▶ [DIRECTIONS]: Images are to be left out; everything else in the listing should be repeated exactly.

▶ [SOURCE DATA]:
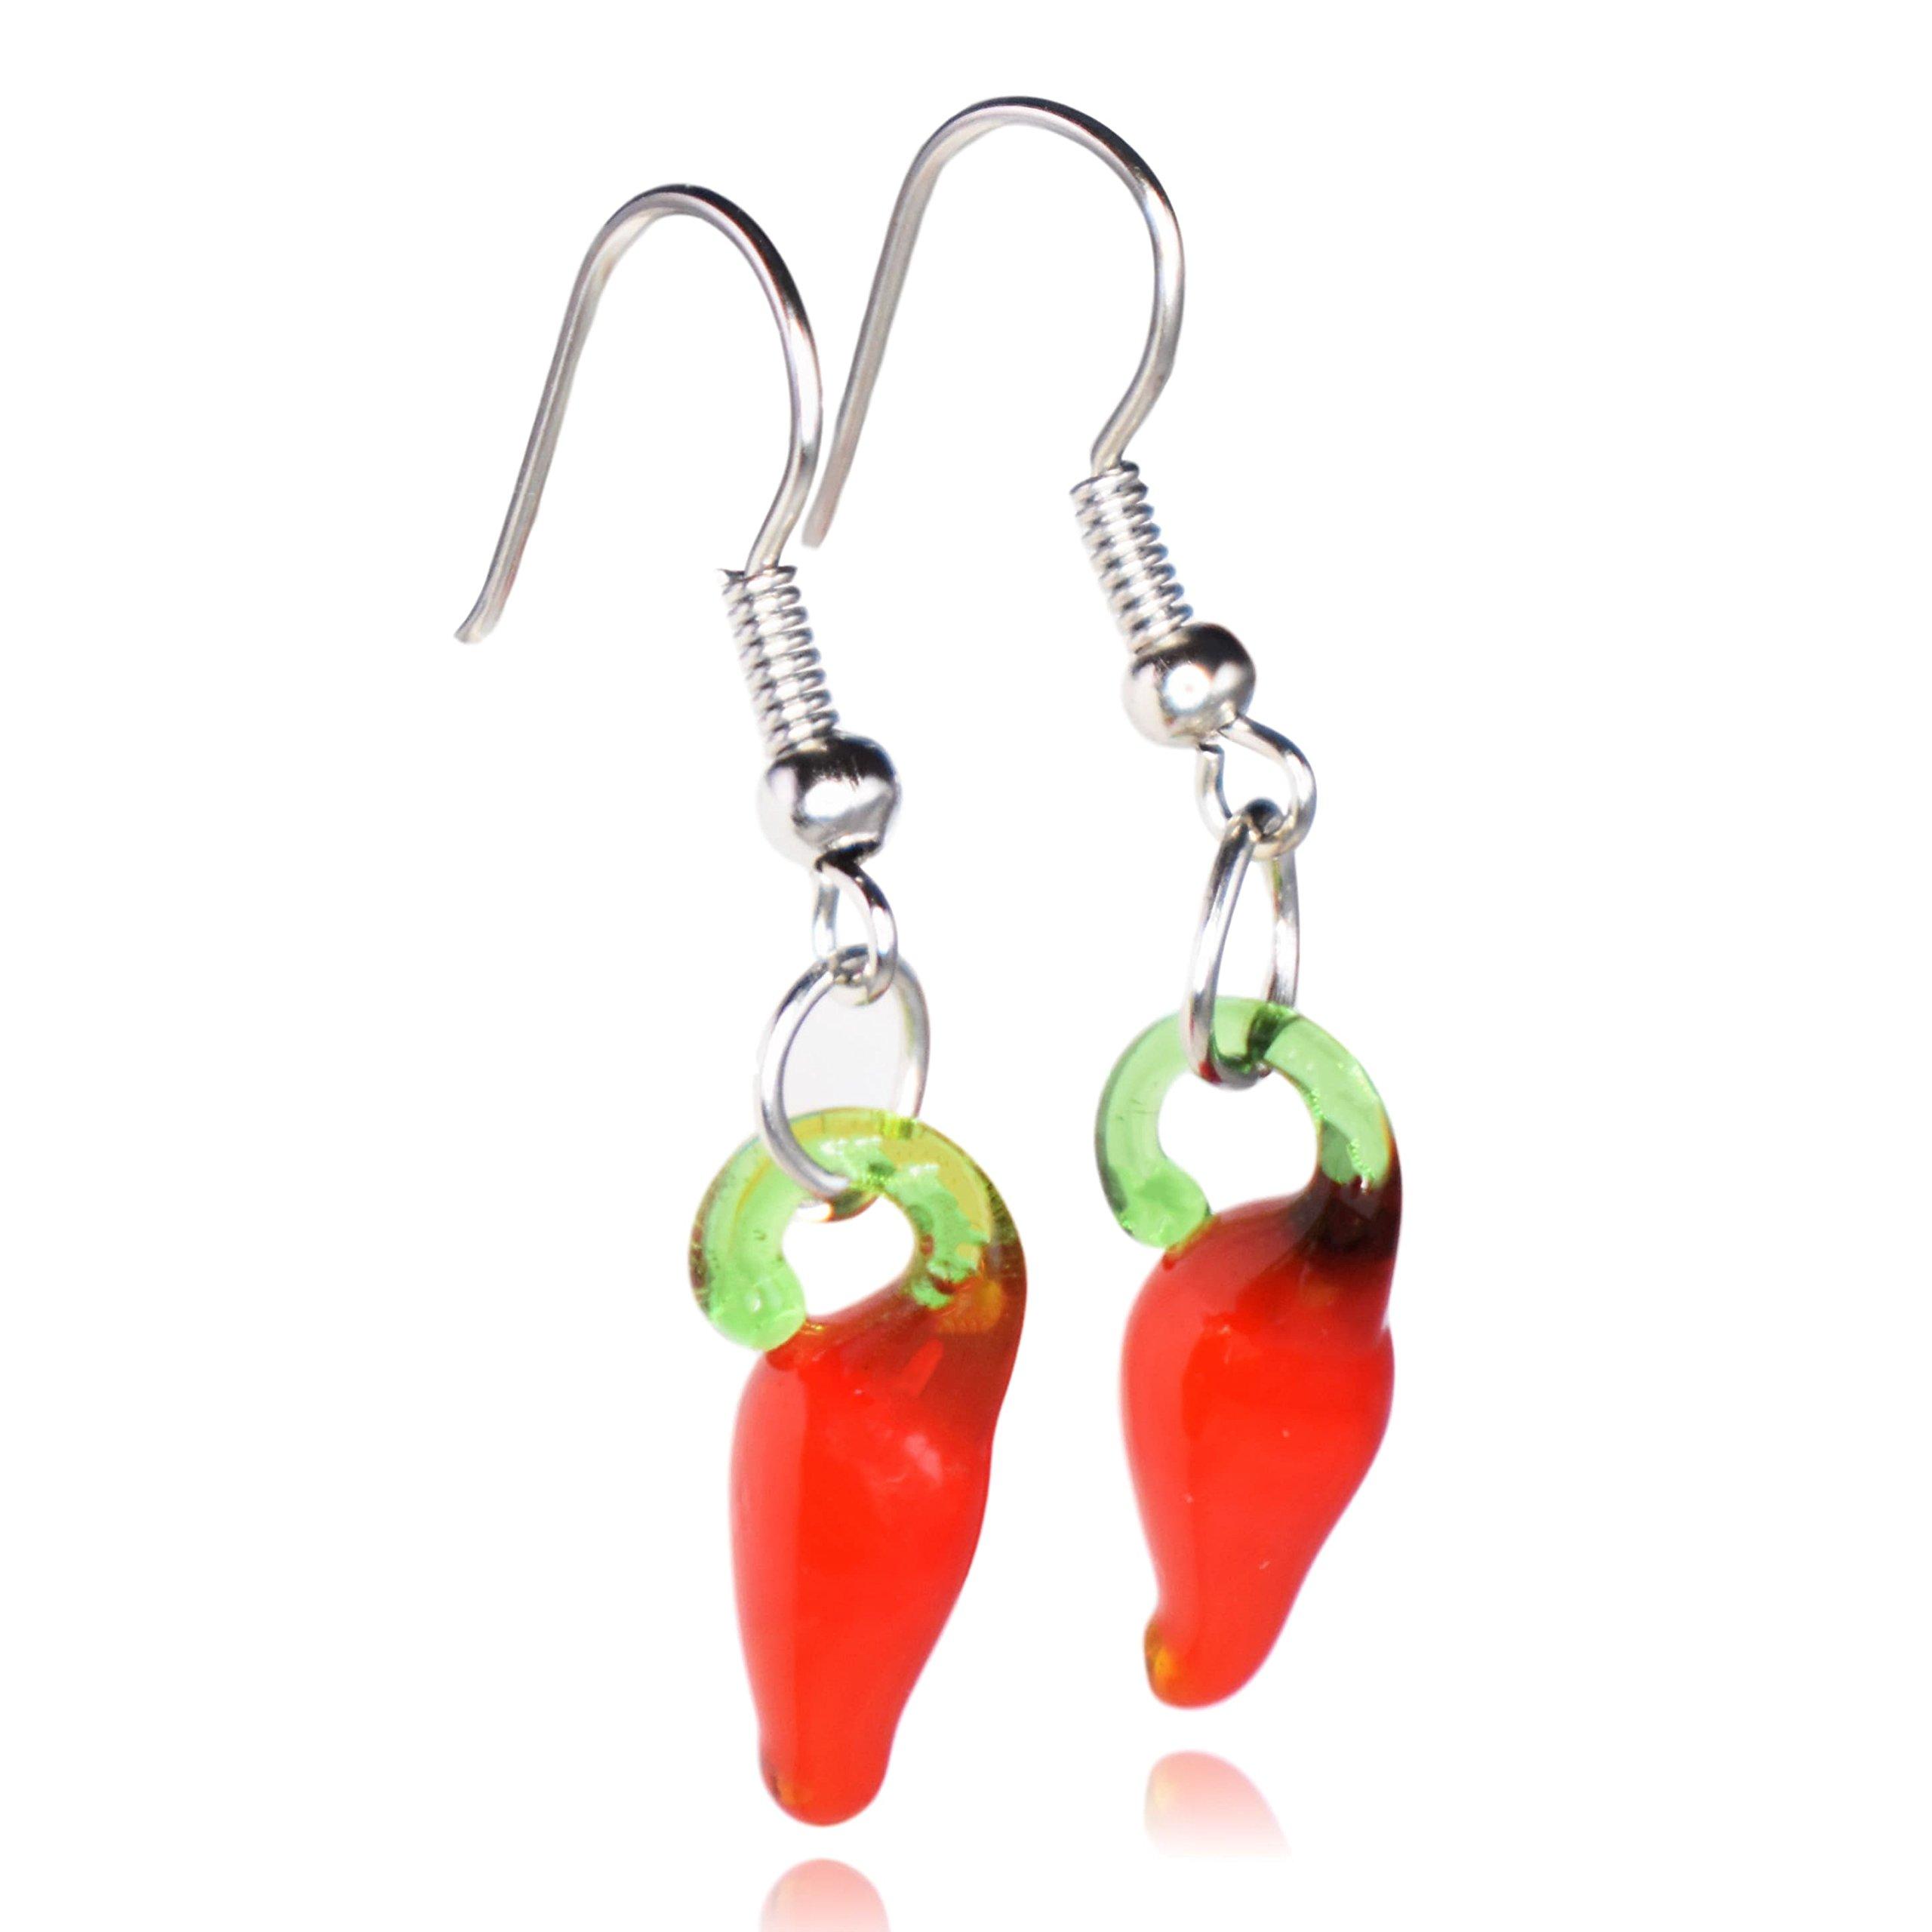 Glass Chili Pepper Dangle Earrings (Small)
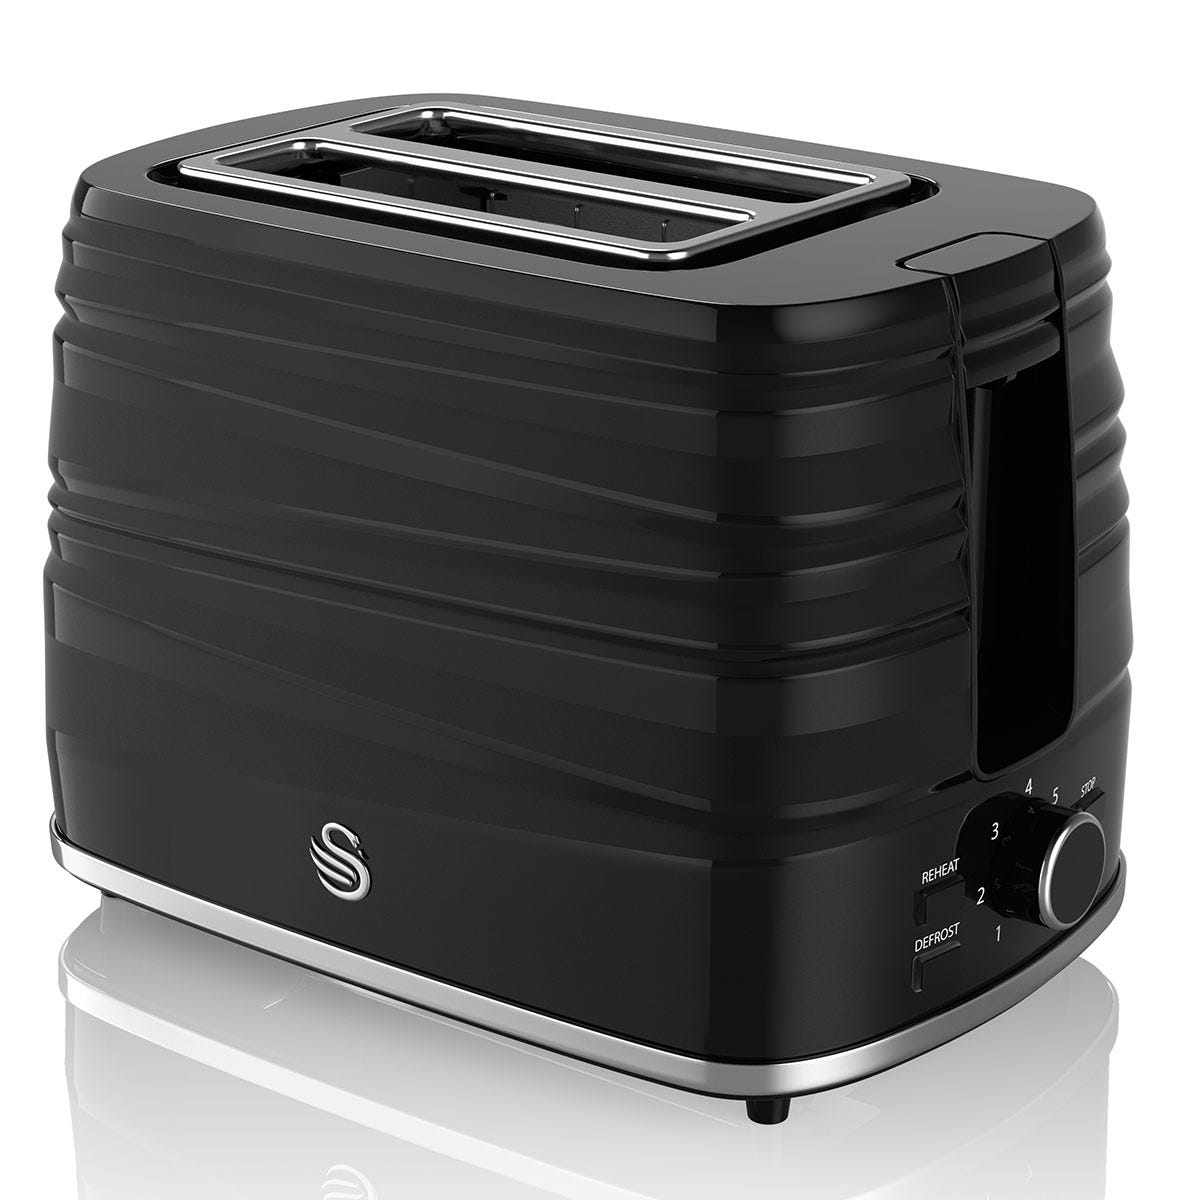 Swan ST31050BN 2-Slice Toaster - Black
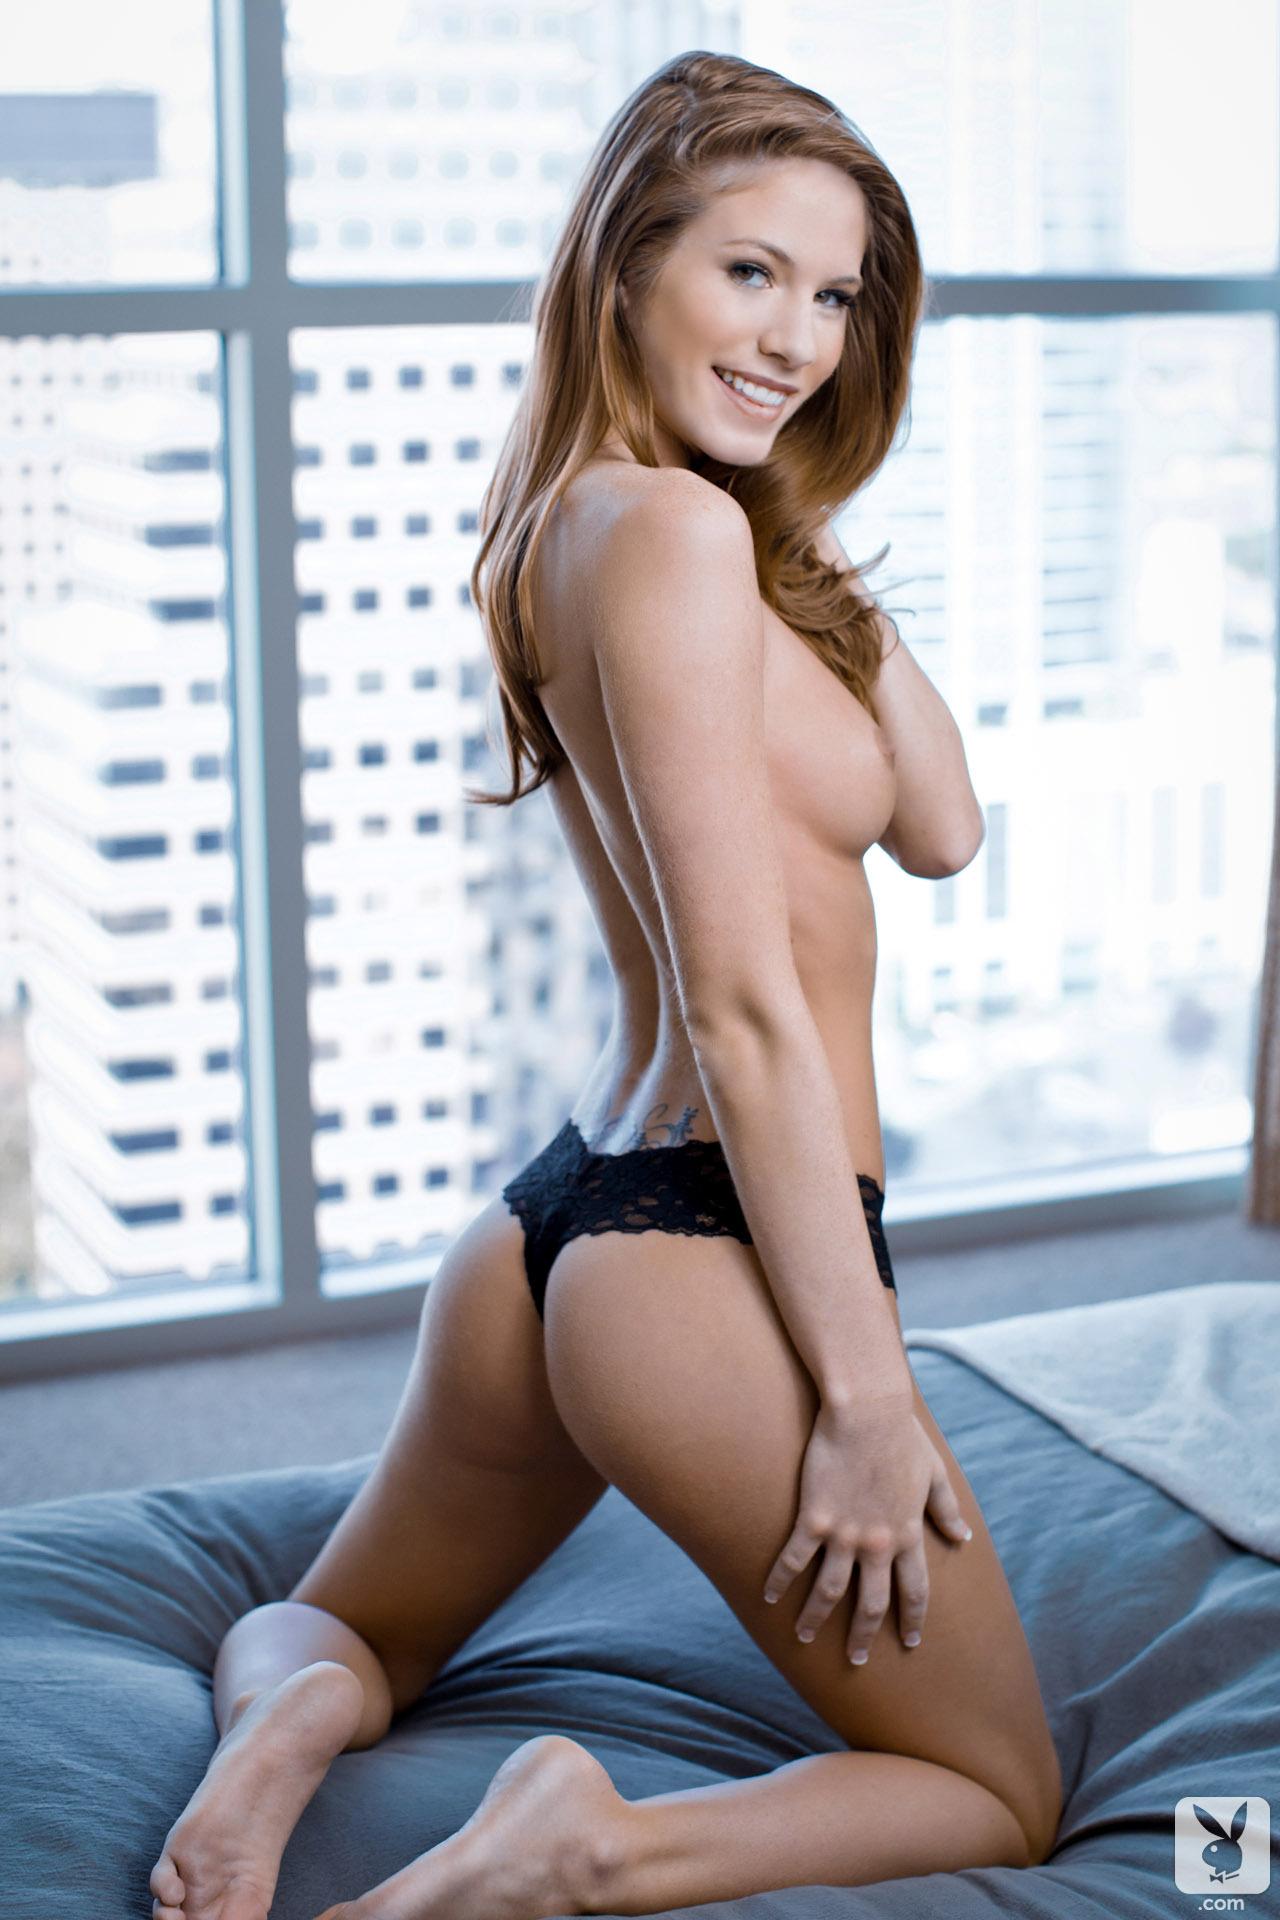 bree-morgan-nude-apartment-redhead-playboy-08

▶ [EXERCISE RESPONSE]:
 Glass Chili Pepper Dangle Earrings (Small)
 Swan ST31050BN 2-Slice Toaster - Black
 bree-morgan-nude-apartment-redhead-playboy-08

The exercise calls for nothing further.